Given the region’s lack of an extensive rail network, one would assume that the project would be universally lauded. A complex political climate, however, coupled with a regional economy making slow but incremental improvements in the aftermath of the 2008 economic crisis, mean that not all have welcomed the new train line. Arguments in favour of Rail Baltica hold that greater integration of the Baltic States into Europe is needed, and focus much of their rhetoric on passenger mobility. Critics, however, argue that the project is more closely concerned with the importance of movement of goods and regional economic competitiveness, privileging global capitalism over human-scale utility. Security concerns with respect to neighbouring Russia play another role, with arguments having been put forward that the new train network will support the rapid deployment of European forces across the continent. In a January 2017 interview with Eesti Päevaleht, an Estonian daily newspaper, Vahur Karuse of the planning division of the Estonian Defence Forces underlined the importance of the new railway for defence strategy, suggesting that the rail connection with Europe would allow troops and equipment to travel faster and more freely between Poland and the Baltic states. “Rail Baltica will enable large-scale forces, equipment and supplies moving from Europe to Estonia, Latvia, Lithuania and Poland,” he said. “As the railway will be built according to European standards, Poland will gain an advantage against the current time-consuming exchange of the chassis, making the whole transport significantly faster.”
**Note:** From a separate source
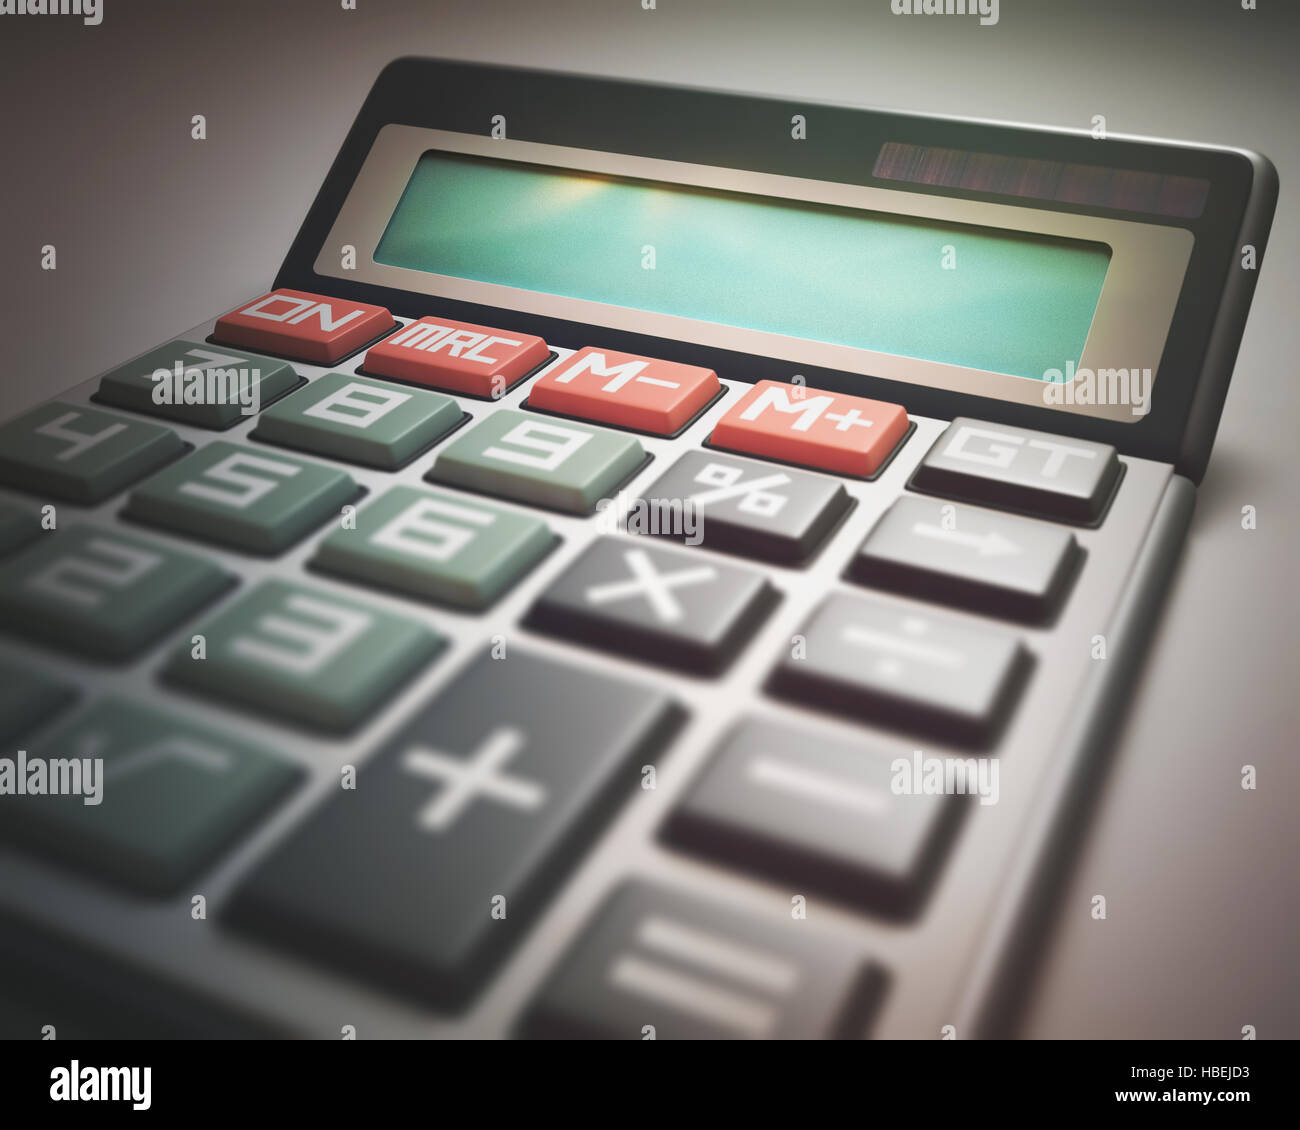 Calculatrice solaire avec affichage numérique vide. Votre texte ou un numéro sur l'écran. Banque D'Images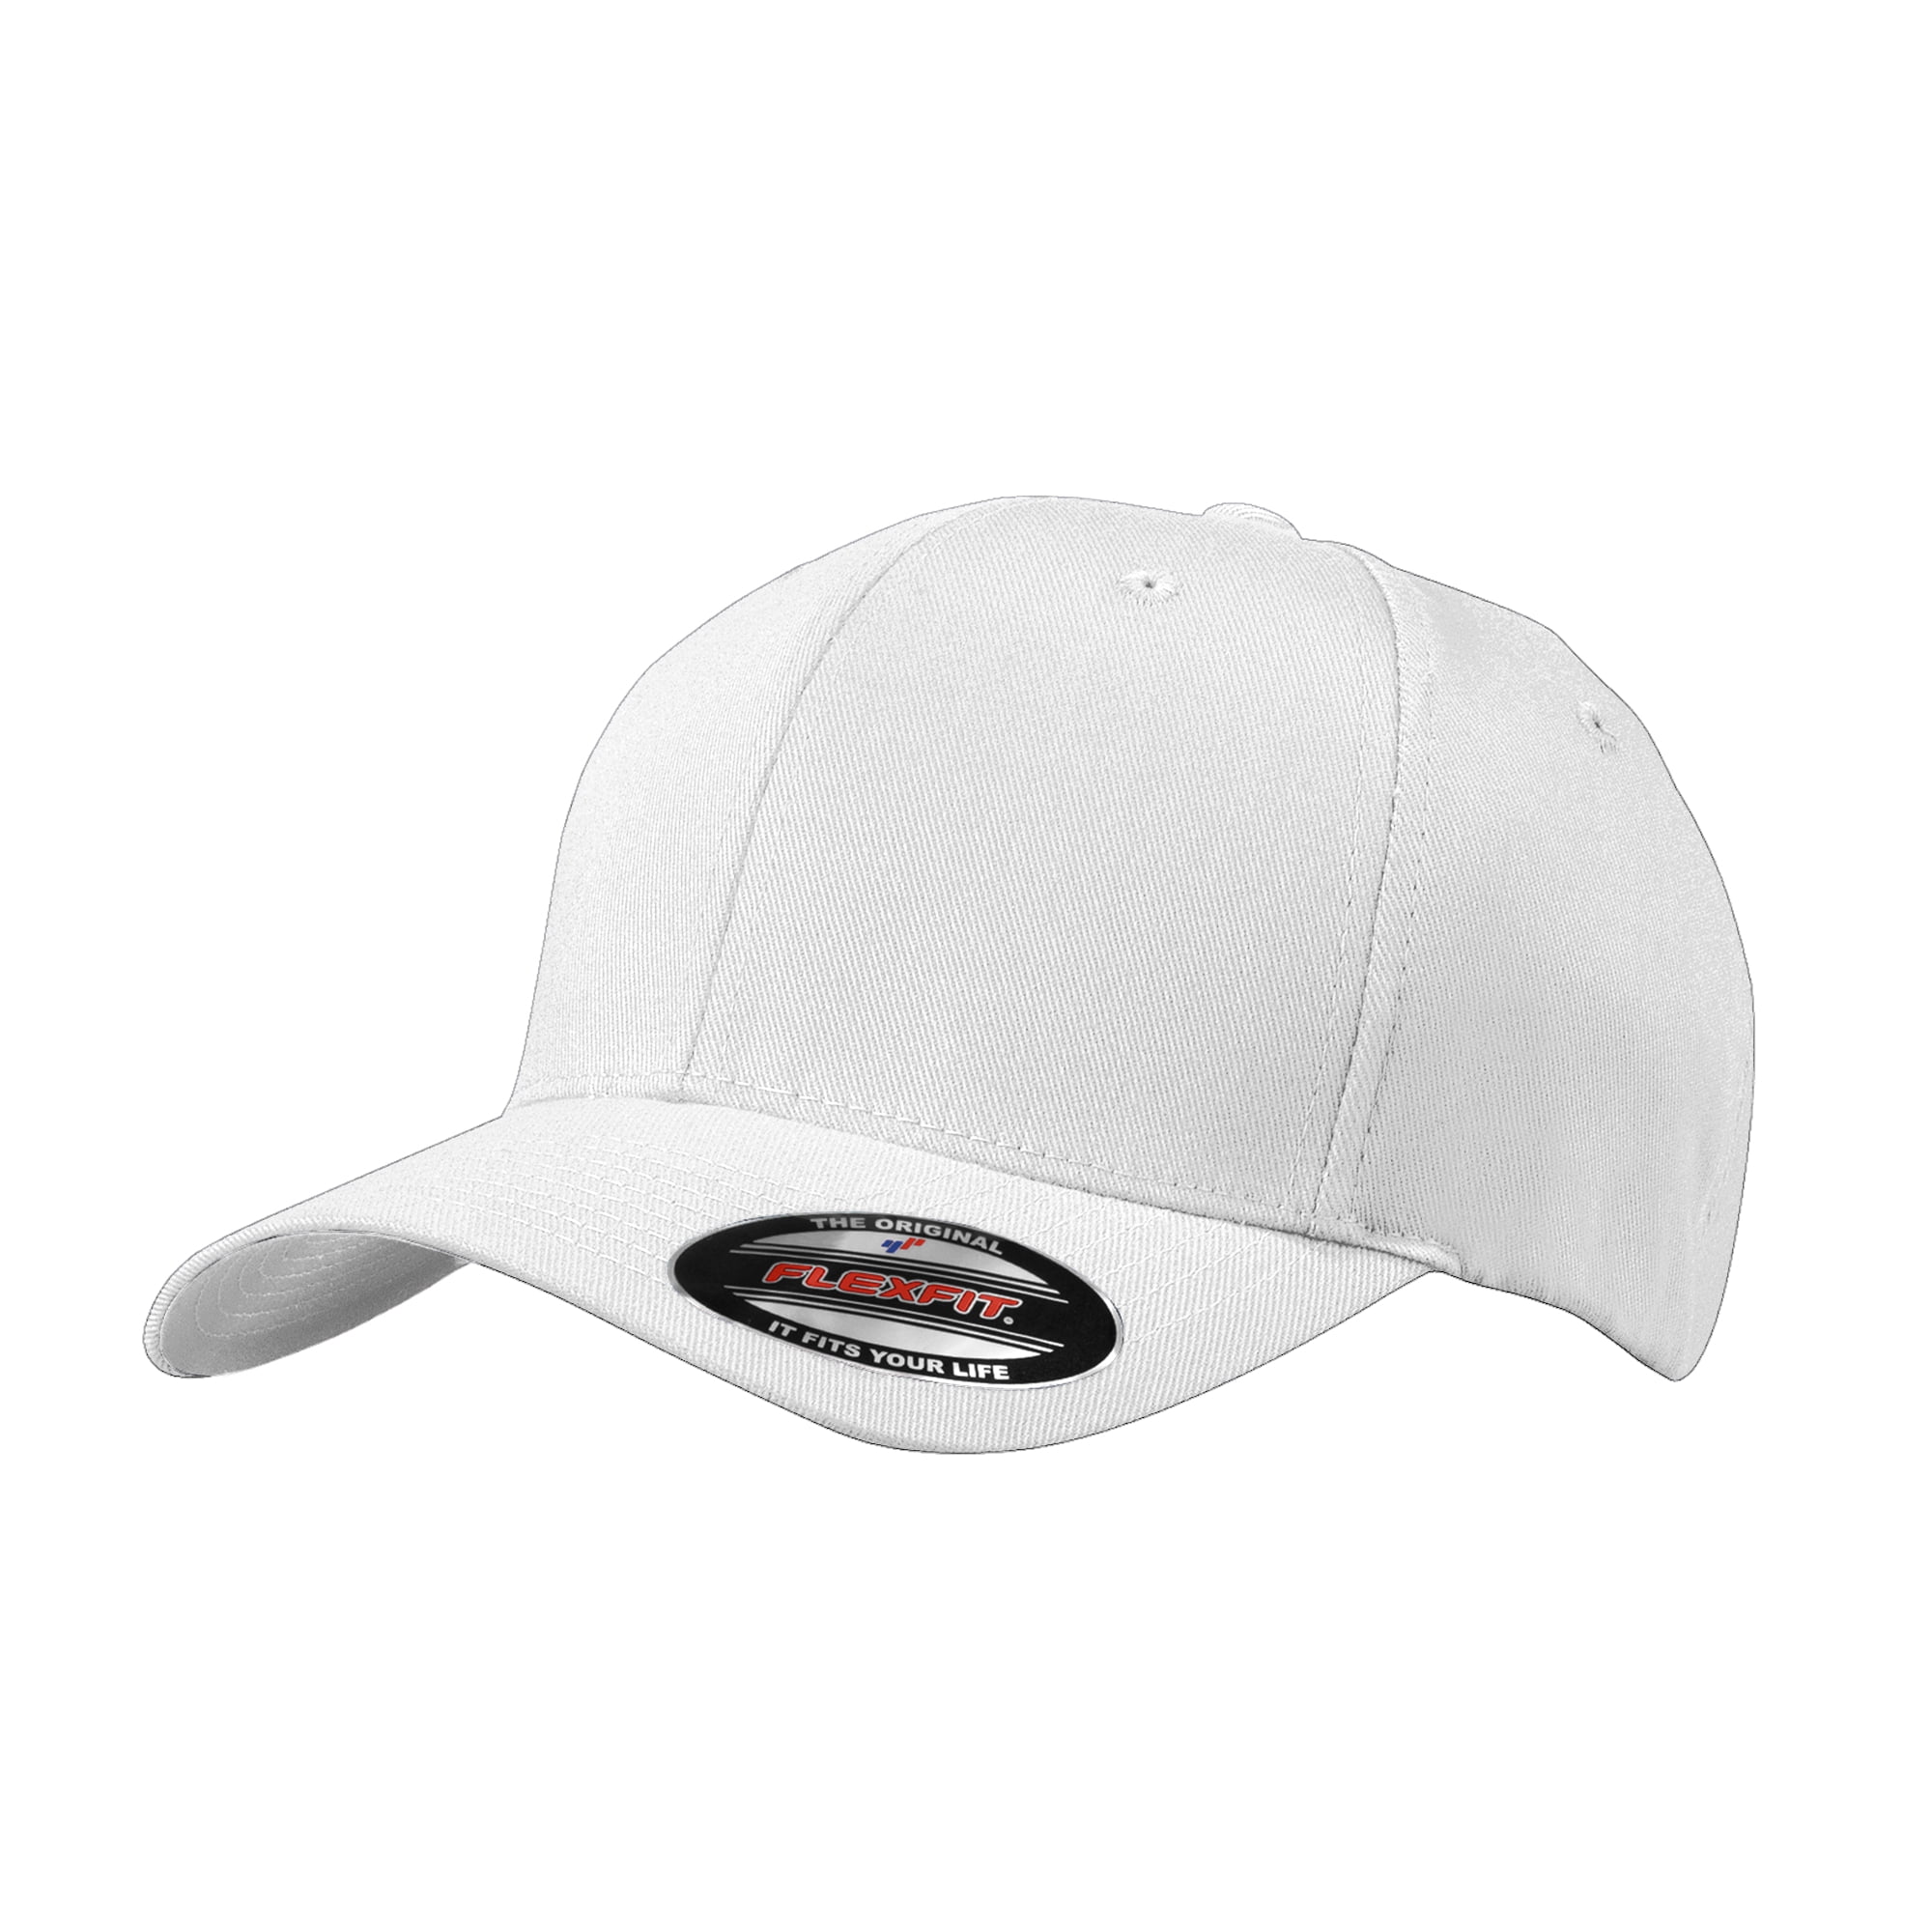 Men's Adult Flexfit Sun Cap Male Summer Hats White L/XL

There are further points of critique. It has been suggested that the train speeds of the proposed network present little improvement over flying times – Rail Baltica estimates a journey time of four hours and fifteen minutes from Tallinn to Warsaw, compared to an hour and a half for flying. Because the area’s low population makes high-speed trains of over 300km/h economically unviable, passenger trains will operate at a maximum speed of 240km/h, with most of the expected income for the project coming from even slower-running freight. Public disagreement has also occurred over the placement of the prospective train routes, as each individual nation is responsible for determining the route through its own territory. Although the global political community tends to view the Baltic states as a grouped entity, the three countries are culturally distinct with separate histories. “The three Baltic countries are more of an artificially-created unit, because, given the political context, it’s easier to speak about them that way,” says Baiba Rubesa, CEO of RB Rail, the joint venture charged with delivering the Rail Baltica project. “They have different histories and different languages.” With this in mind, Rail Baltica has a difficult historical precedent to contend with. Notwithstanding numerous previous proposals, the three countries have never successfully completed an integrated project. Visaginas, a planned joint nuclear power station in Lithuania under discussion since 2005, was officially scrapped in 2016, with sources citing the 2008 financial crisis and weak power market as key reasons. And despite successive political declarations by the Baltic countries that they intend to create an integrated regional gas market, the three countries largely continue to pursue individual gas-related infrastructure projects. “The Balts don’t understand each other the same way that the Scandinavian countries do,” says Rubesa. “They aren’t a natural unit. However, due to the realities of the 20th century, most of the world looks at these three countries as a whole and I think that to a large extent, the three countries have understood that we need to collaborate on the key issues which make us stronger.” 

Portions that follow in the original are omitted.